In this blog post, I will introduce the topic of data mining. The goal is to give a general overview of what is data mining.
What is data mining?
Data mining is a field of research that has emerged in the 1990s, and is very popular today, sometimes under different names such as “big data” and “data science“, which have a similar meaning. To give a short definition of data mining, it can be defined as a set of techniques for automatically analyzing data to discover interesting knowledge or pasterns in the data.
The reasons why data mining has become popular is that storing data electronically has become very cheap and that transferring data can now be done very quickly thanks to the fast computer networks that we have today. Thus, many organizations now have huge amounts of data stored in databases, that needs to be analyzed.
Having a lot of data in databases is great. However, to really benefit from this data, it is necessary to analyze the data to understand it. Having data that we cannot understand or draw meaningful conclusions from it is useless. So how to analyze the data stored in large databases? Traditionally, data has been analyzed by hand to discover interesting knowledge. However, this is time-consuming, prone to error, doing this may miss some important information, and it is just not realistic to do this on large databases. To address this problem, automatic techniques have been designed to analyze data and extract interesting patterns, trends or other useful information. This is the purpose of data mining.
In general, data mining techniques are designed either to explain or understand the past (e.g. why a plane has crashed) or predict the future (e.g. predict if there will be an earthquake tomorrow at a given location).
Data mining techniques are used to take decisions based on facts rather than intuition.
What is the process for analyzing data?
To perform data mining, a process consisting of seven steps is usually followed.

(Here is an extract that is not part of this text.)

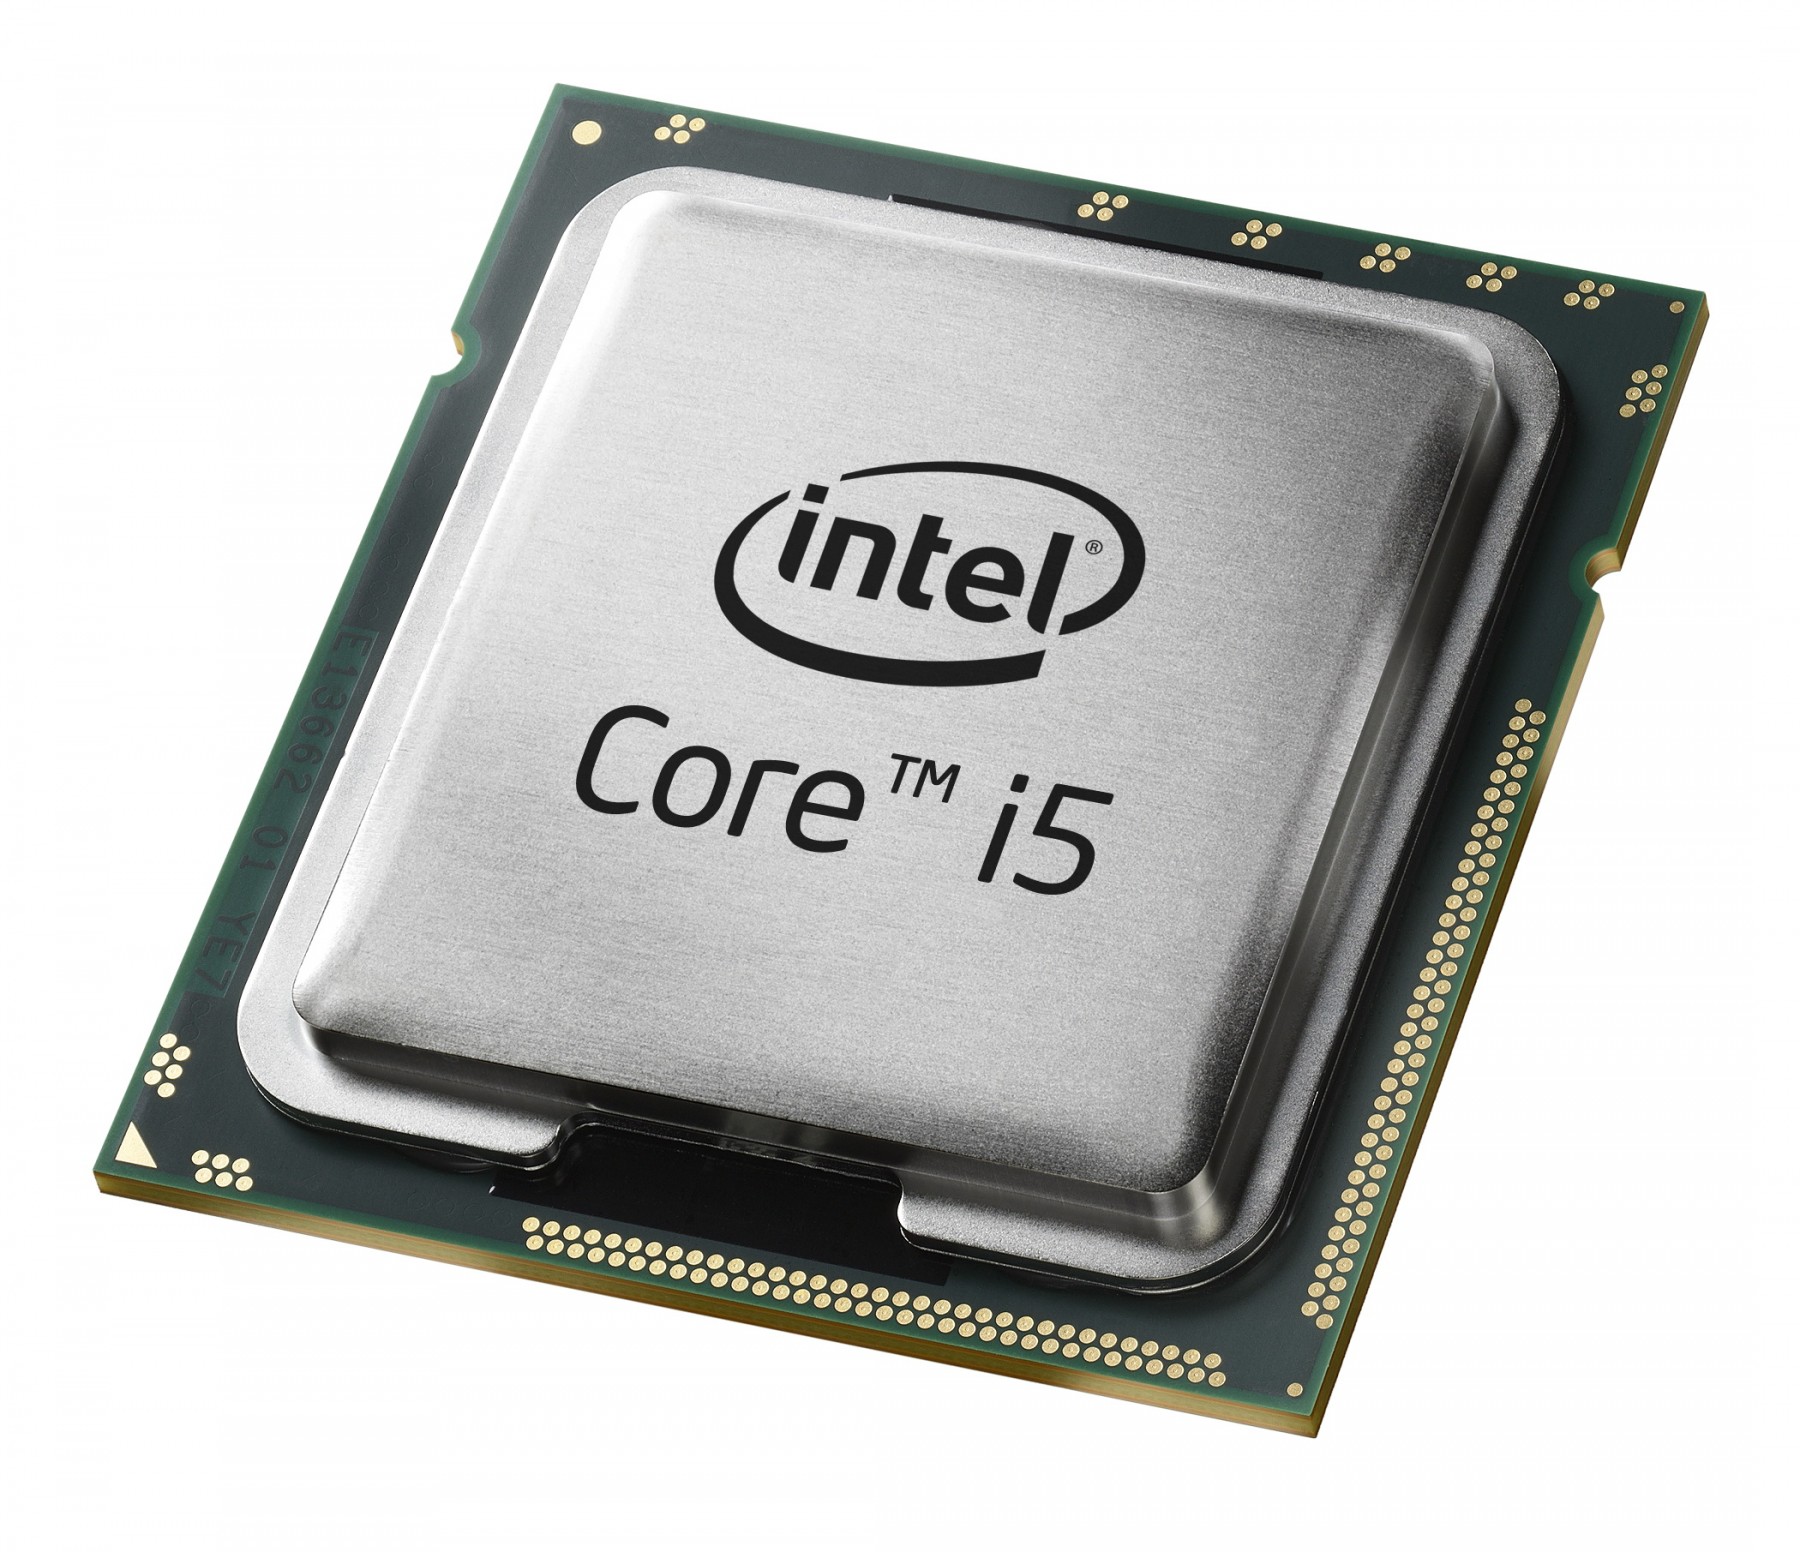 500030110-Intel Core i5-560M SLBTT 2.67Ghz 2.5GT/s BGA 1288 Processor-image
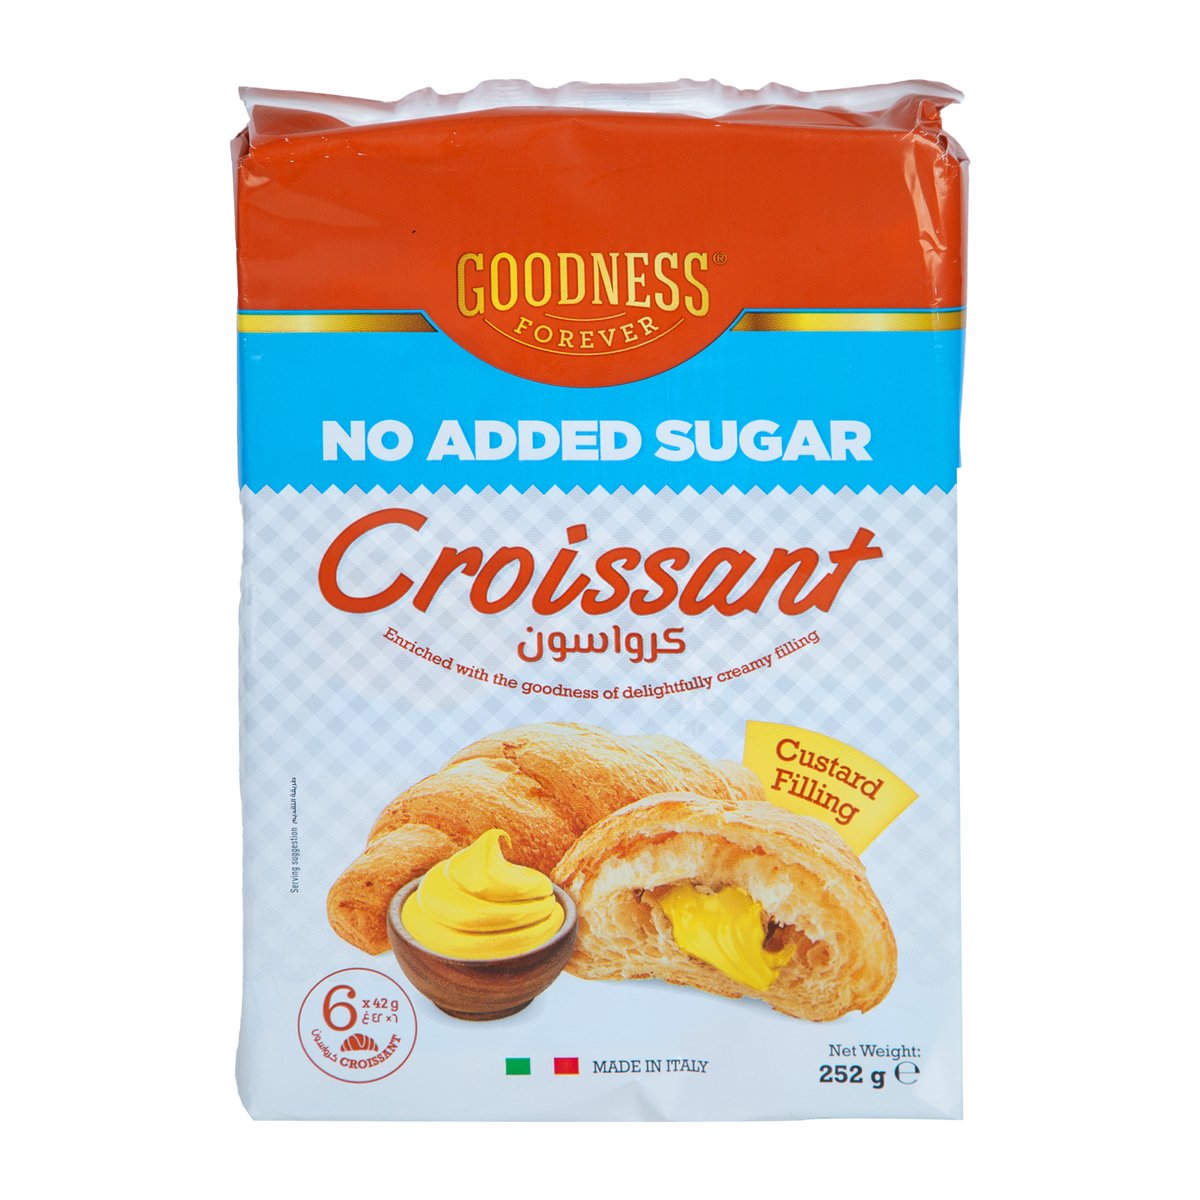 Goodness Forever Custard Croissant No Added Sugar 42 g

This process is often called the “Knowledge Discovery in Database” (KDD) process.
- Data cleaning: This step consists of cleaning the data by removing noise or other inconsistencies that could be a problem for analyzing the data.
- Data integration: This step consists of integrating data from various sources to prepare the data that needs to be analyzed. For example, if the data is stored in multiple databases or file, it may be necessary to integrate the data into a single file or database to analyze it.
- Data selection: This step consists of selecting the relevant data for the analysis to be performed.
- Data transformation: This step consists of transforming the data to a proper format that can be analyzed using data mining techniques. For example, some data mining techniques require that all numerical values are normalized.
- Data mining: This step consists of applying some data mining techniques (algorithms) to analyze the data and discover interesting patterns or extract interesting knowledge from this data.
- Evaluating the knowledge that has been discovered: This step consists of evaluating the knowledge that has been extracted from the data. This can be done in terms of objective and/or subjective measures.
- Visualization: Finally, the last step is to visualize the knowledge that has been extracted from the data.
Of course, there can be variations of the above process. For example, some data mining software are interactive and some of these steps may be performed several times or concurrently.
What are the applications of data mining?
There is a wide range of data mining techniques (algorithms), which can be applied in all kinds of domains where data has to be analyzed. Some example of data mining applications are:
- fraud detection,
- stock market price prediction,
- analyzing the behavior of customers in terms of what they buy
In general data mining techniques are chosen based on:
- the type of data to be analyzed,
- the type of knowledge or patterns to be extracted from the data,
- how the knowledge will be used.
What are the relationships between data mining and other research fields?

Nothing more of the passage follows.